_SUPPLIED DATA_

============================================================

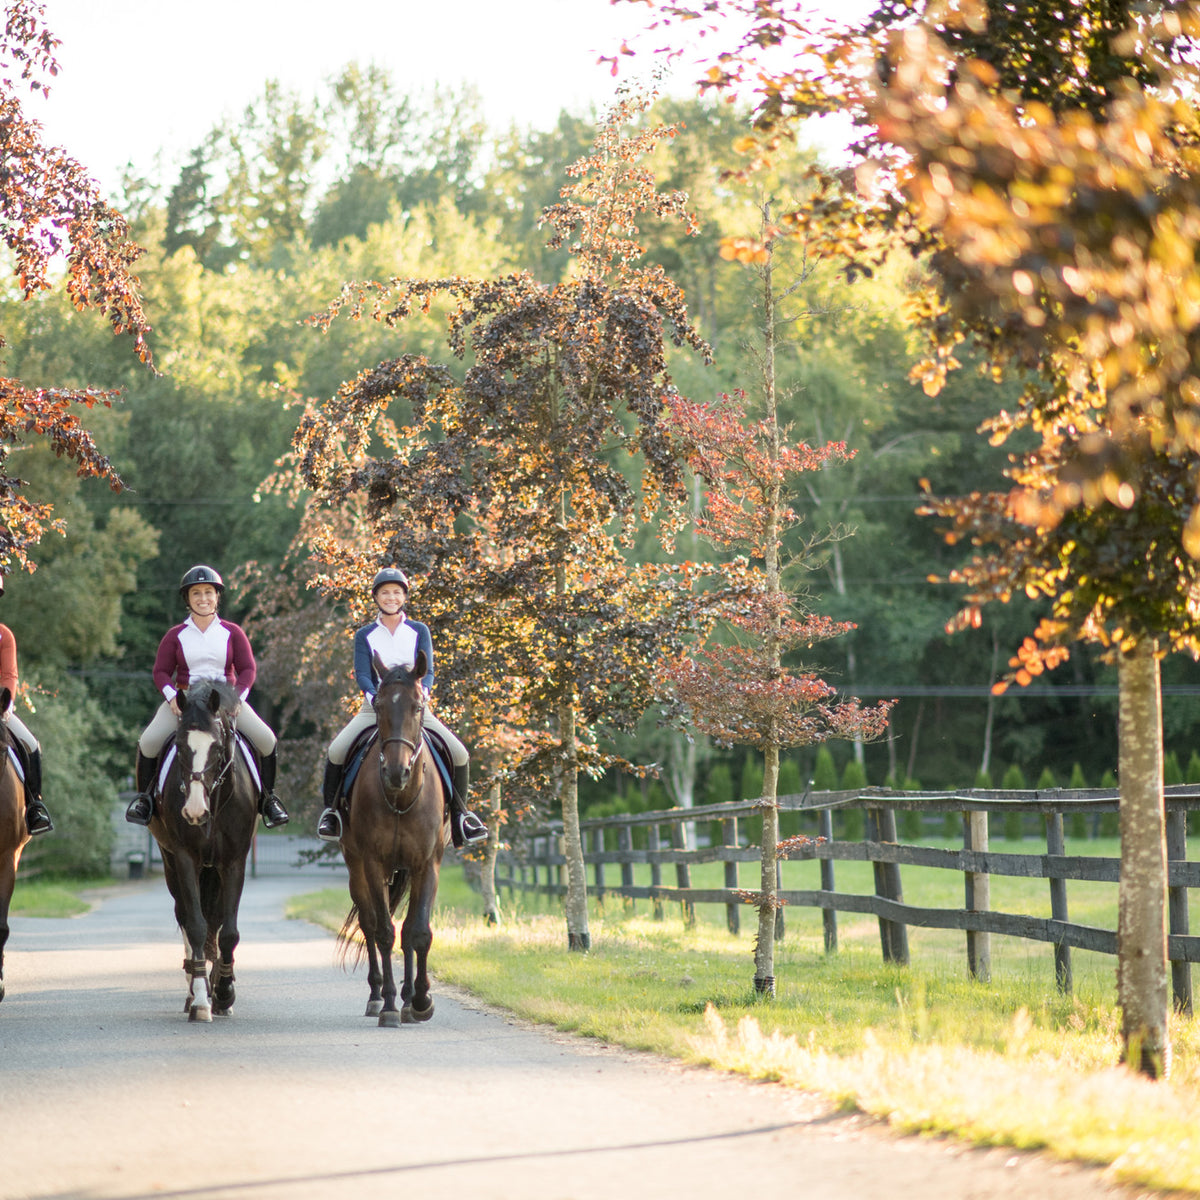 What's It Really Like To Be in Equestrian Fashion?
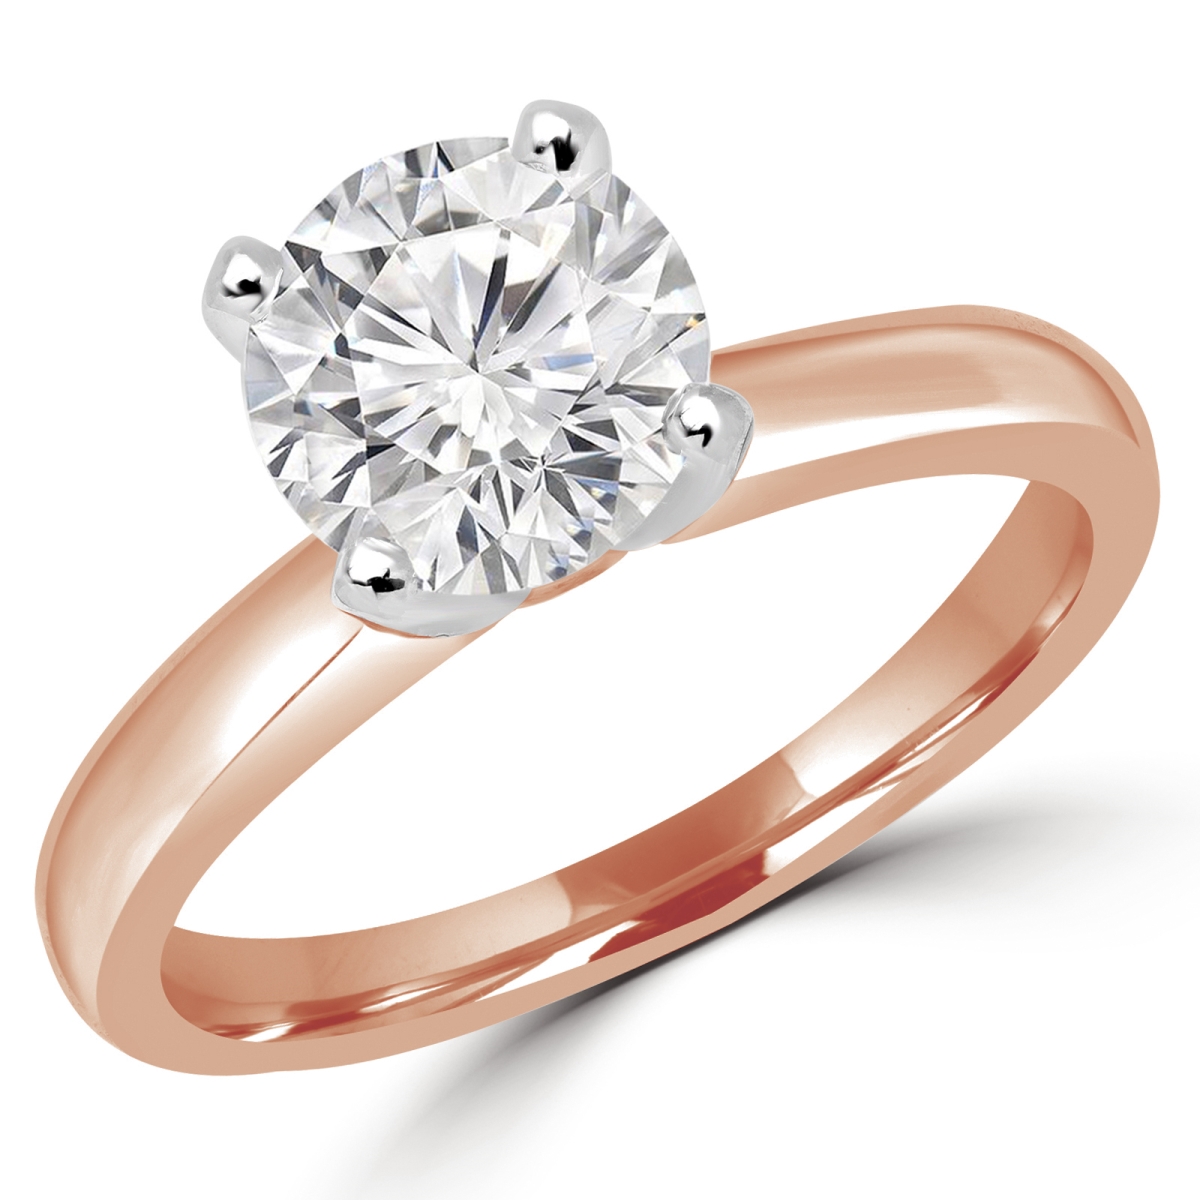 Picture of Majesty Diamonds MD180009-6.5 0.6 CT Round Diamond Solitaire Engagement Ring in 14K Rose Gold - Size 6.5
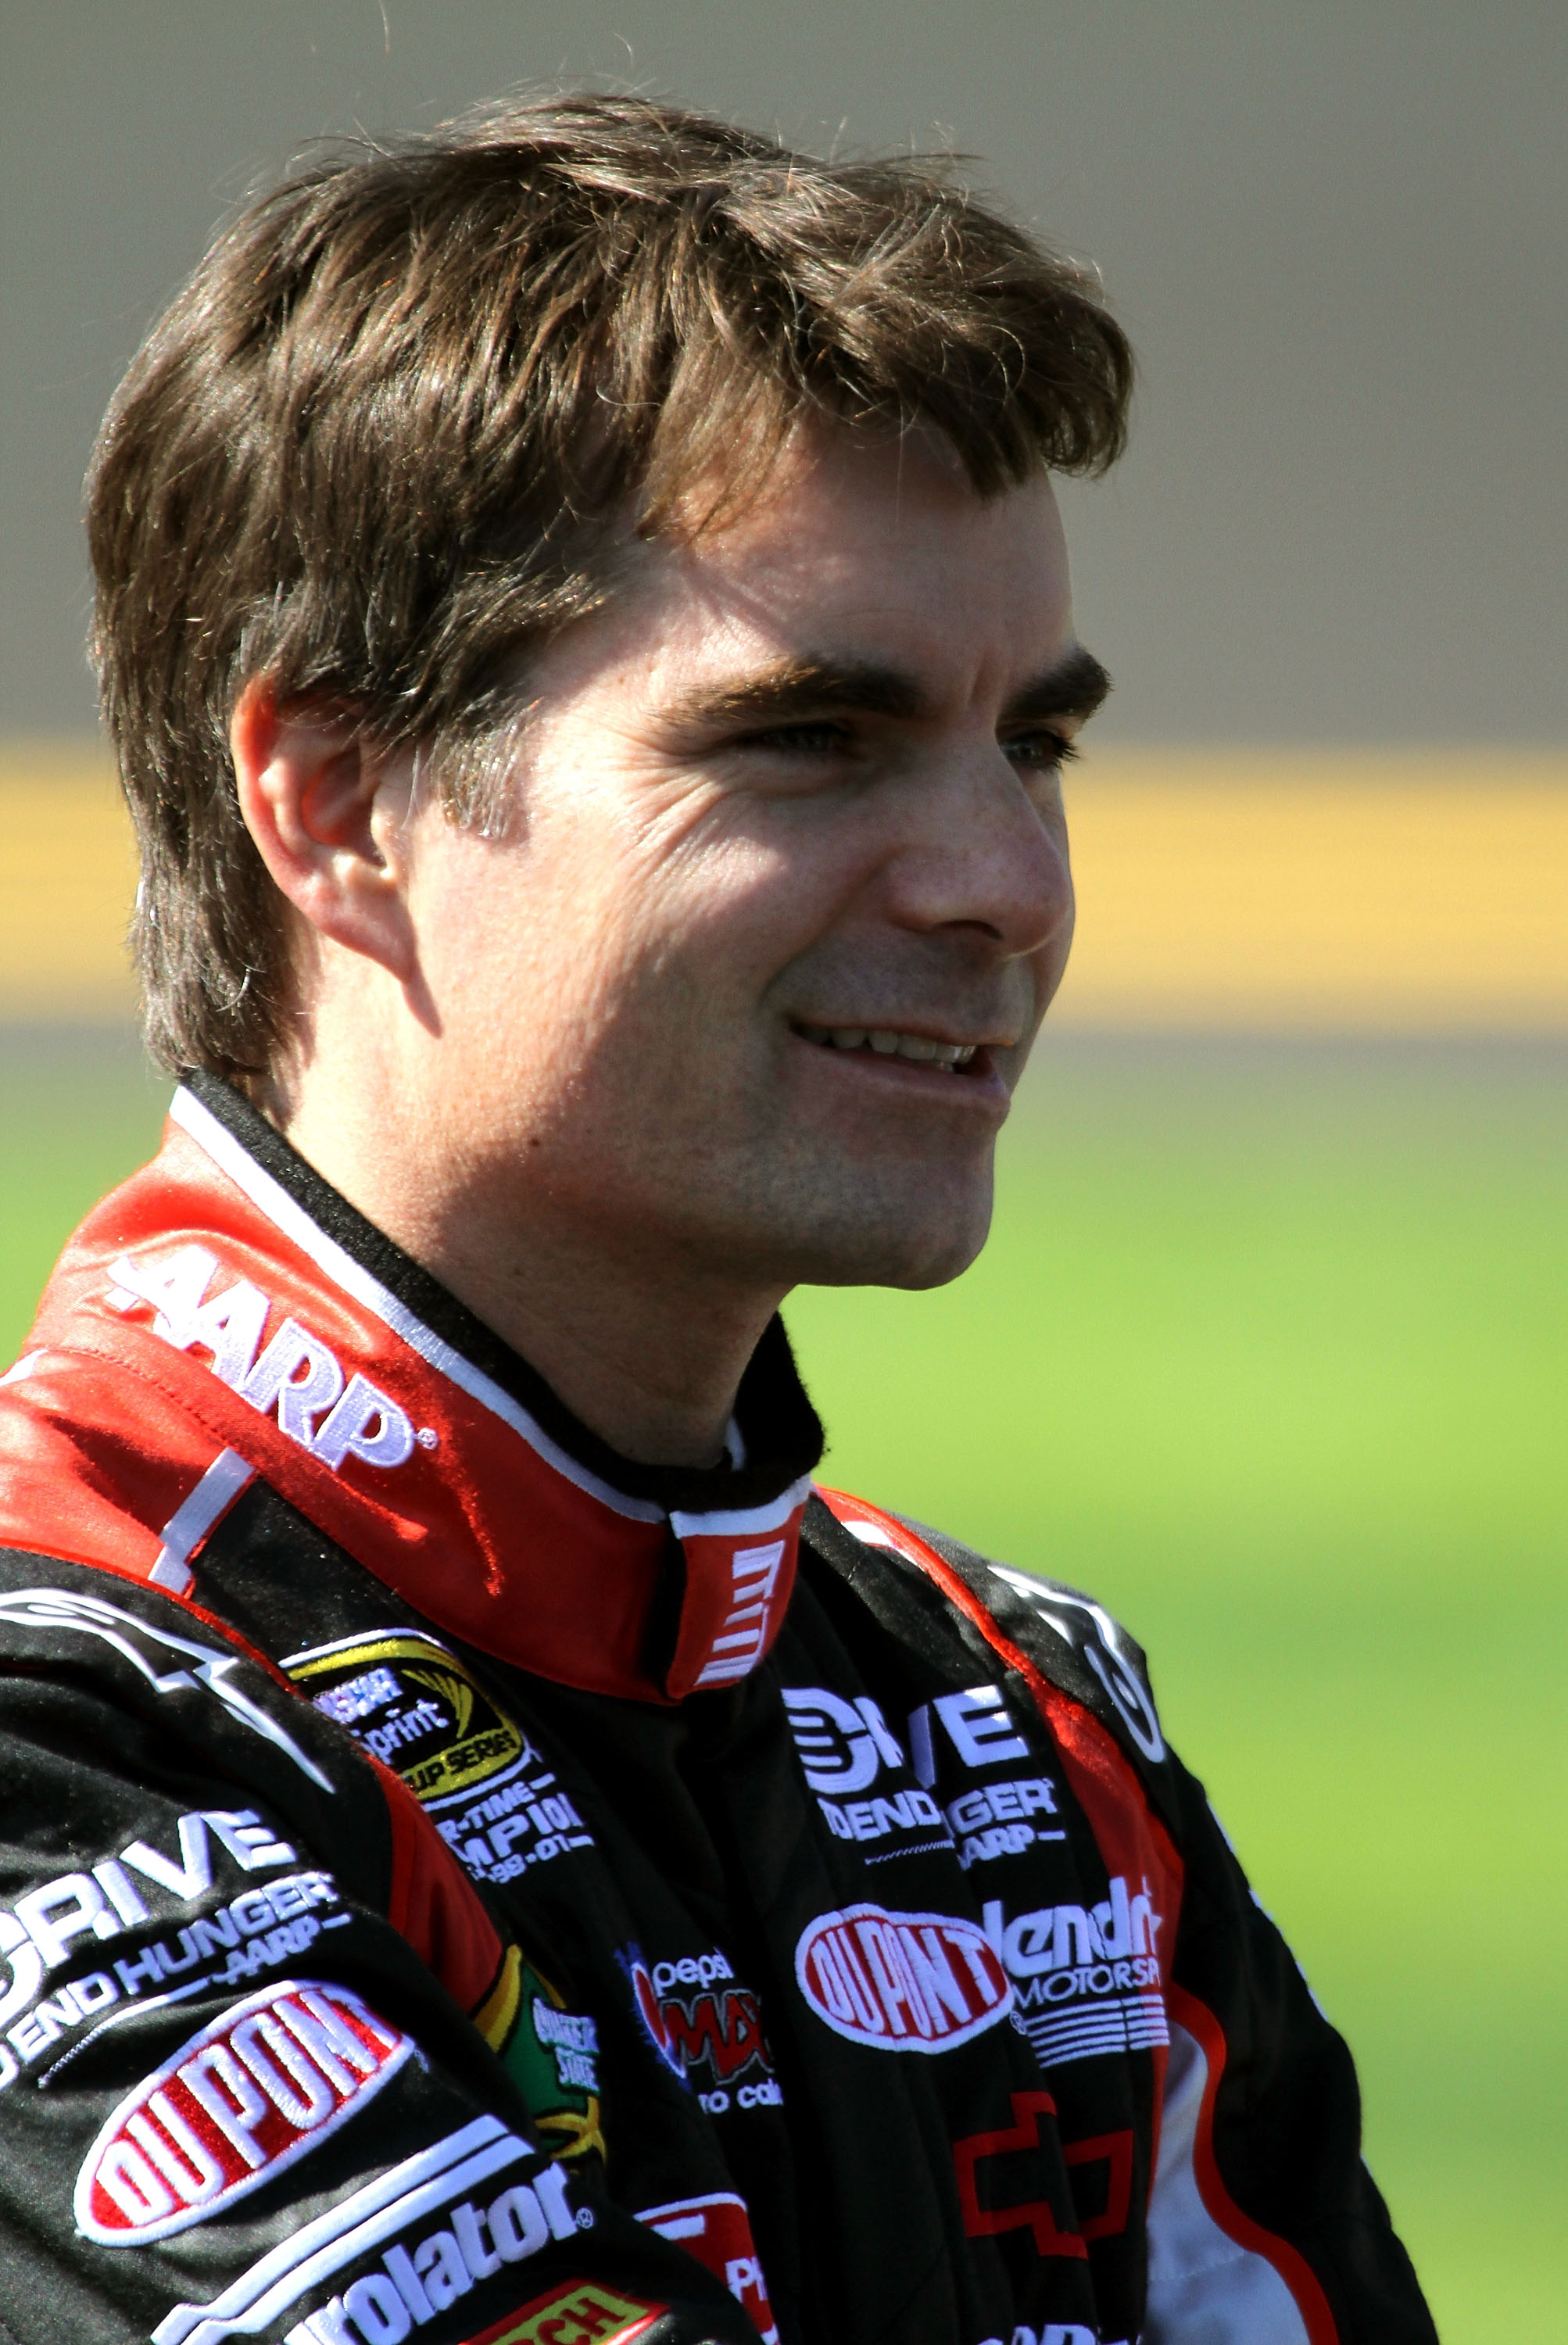 DAYTONA BEACH, FL - FEBRUARY 13:  Jeff Gordon, driver of the #24 Drive to End Hunger Chevrolet, stands on the grid during qualifying for the NASCAR Sprint Cup Series Daytona 500 at Daytona International Speedway on February 13, 2011 in Daytona Beach, Flor

============================================================

_WORK ORDER_
For the data above, return an exact copy that contains no pictures.

_REPLY_
 What's It Really Like To Be in Equestrian Fashion?
 Picture of Majesty Diamonds MD180009-6.5 0.6 CT Round Diamond Solitaire Engagement Ring in 14K Rose Gold - Size 6.5
 DAYTONA BEACH, FL - FEBRUARY 13:  Jeff Gordon, driver of the #24 Drive to End Hunger Chevrolet, stands on the grid during qualifying for the NASCAR Sprint Cup Series Daytona 500 at Daytona International Speedway on February 13, 2011 in Daytona Beach, Flor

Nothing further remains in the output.